I get my inspiration in several different ways: it can be a dress in a store window, wallpaper, or advertising graphics. It can be a stitch pattern that I see in one item and then I use it in a different way.

For example the lace trim that I used in my Garden Party Cardi, came from a tea cozy.   I decided on a seamless, raglan style because it’s easy to knit and generally fits well. With an attached button band, there’s actually no sewing at all required.

Another design, the Carole Landis Top, was inspired by the call for submissions from the indie dyer company The Sanguine Gryphon (now disbanded and re-formed as 2 separate companies).  They had the theme of a film noir mystery and wanted a sweater for each of the characters in the story. So I designed the sweater with a specific fictional character in mind.

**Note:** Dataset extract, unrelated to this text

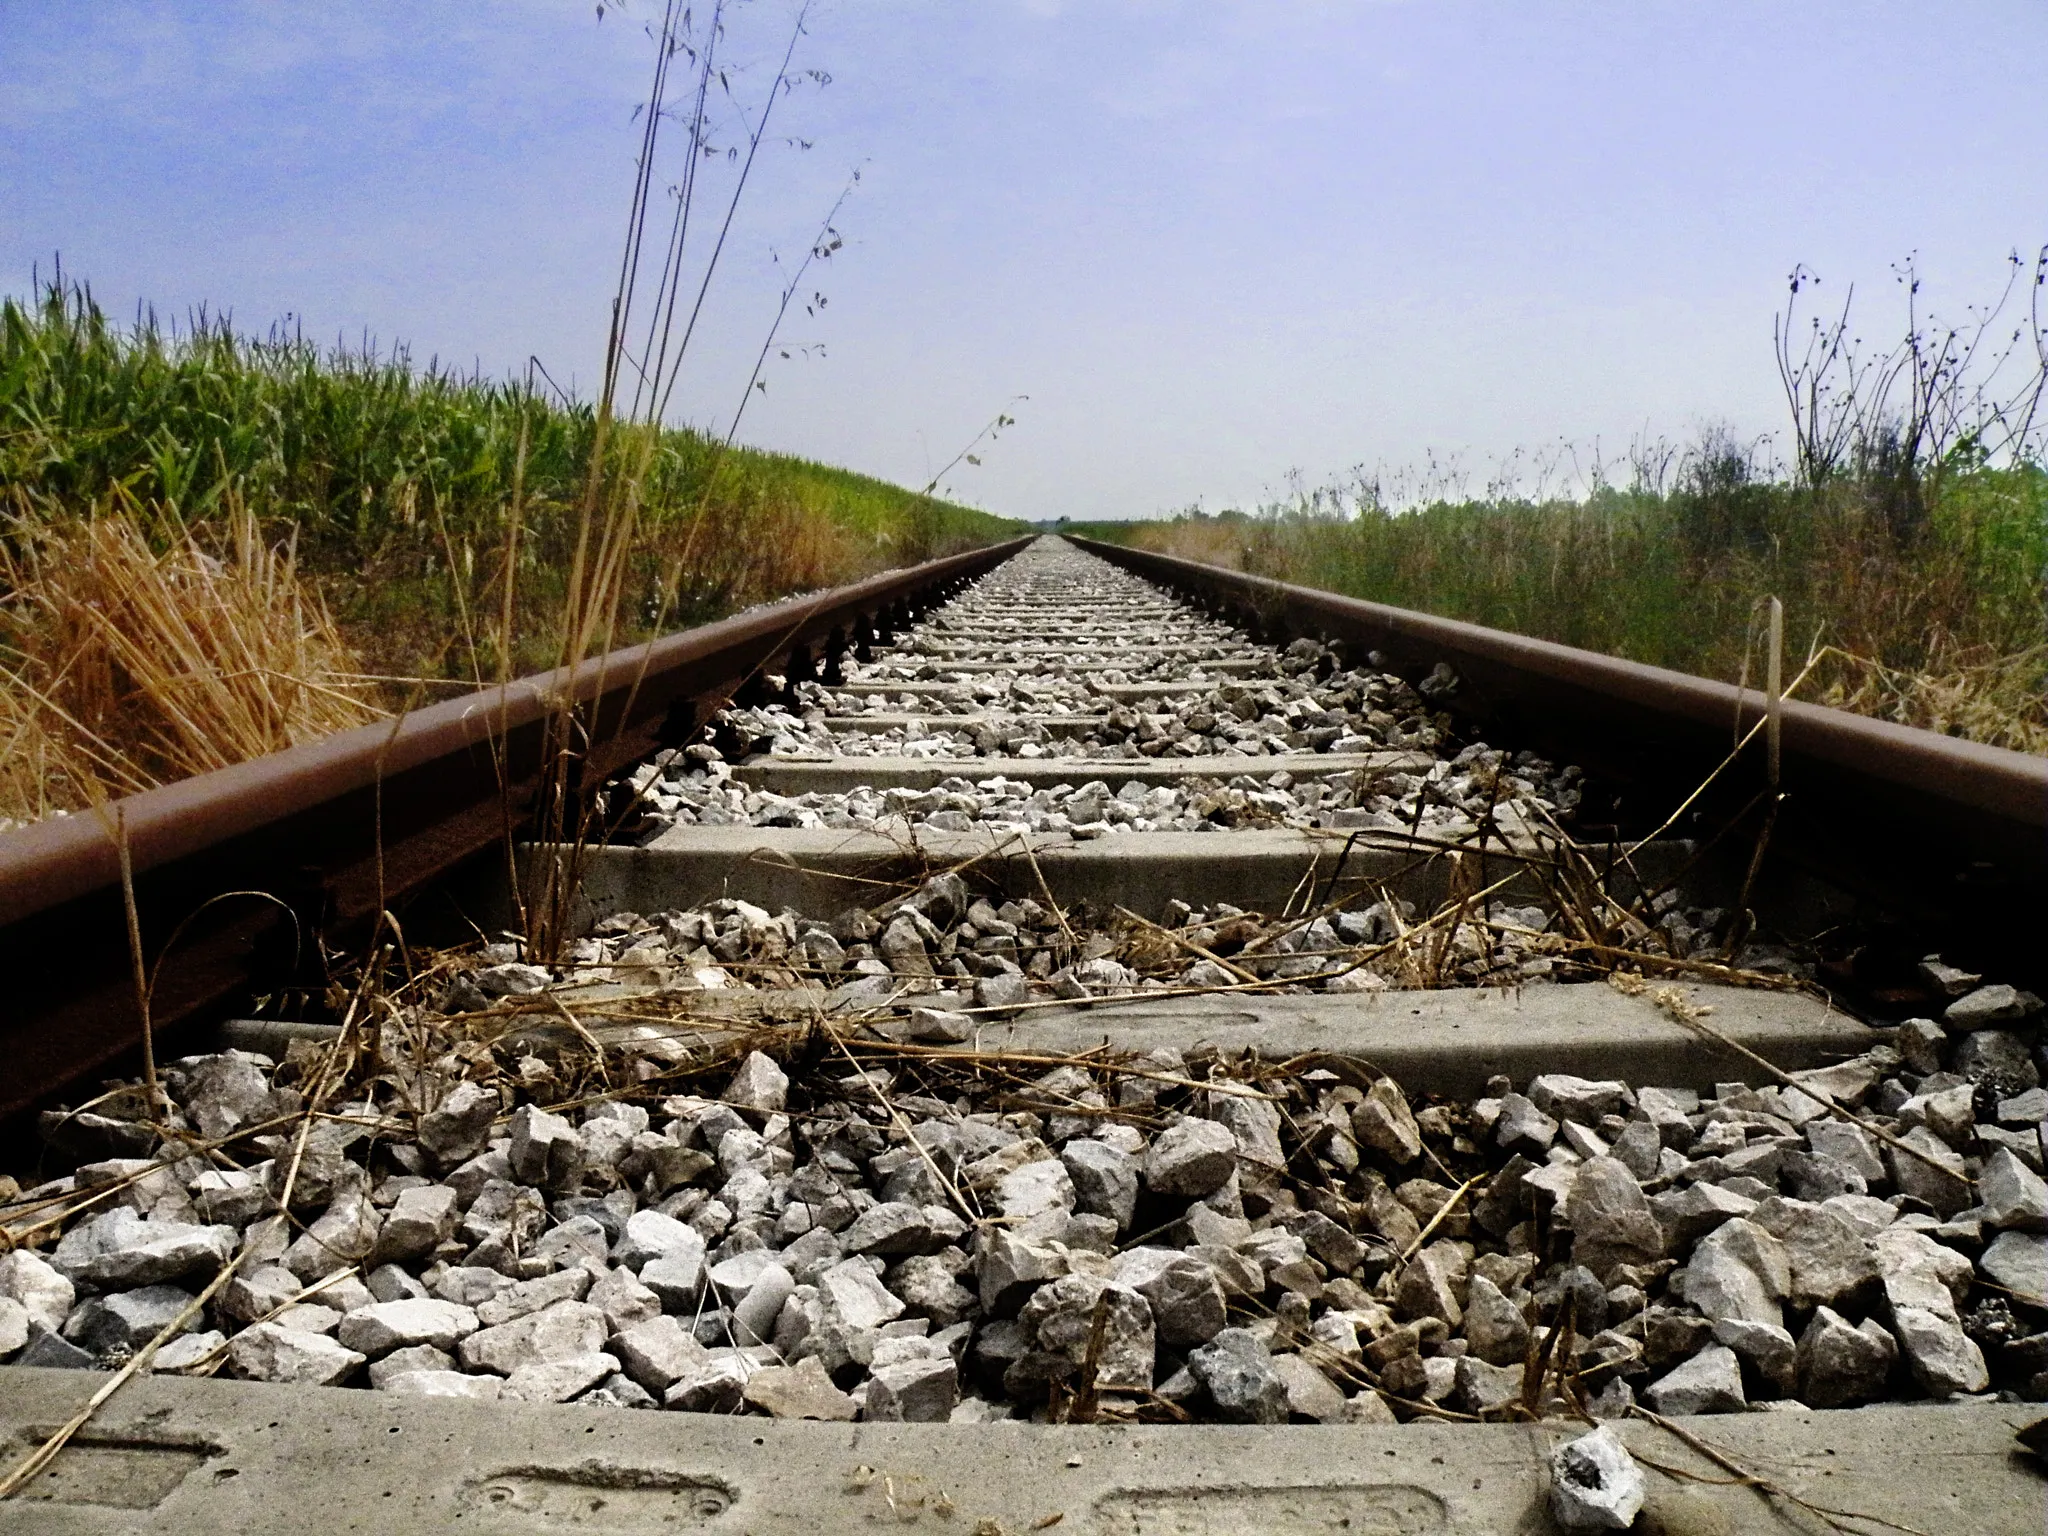 Photo showing: 500px provided description: An abandoned railway in the middle of the Po valley, in Italy.

Post-processed with GIMP. [#stones ,#train ,#railway ,#wheat ,#country ,#crops]

This top is knit in the round, sleeveless, with lace trim and optional beading. It’s one of my favorites.

Recently I have been published in Interweave KNITS (the Quixote Scarf) and I just sent off 2 items to Vogue Knitting!  Very excited about that, as they are the pinnacle of knitting magazines, for me.  I really feel that I’m on my way.

My patterns are found here:

http://www.ravelry.com/designers/brenda-castiel

You can read more about my design work at my blog here:  http://www.knitandtravelandsuch.blogspot.com/

Please follow me as brendacastiel on Twitter.

For all the blog readers, I have a special discount code. Just enter DISCOUNT40 at checkout for a whopping 40% off!

Thanks for looking.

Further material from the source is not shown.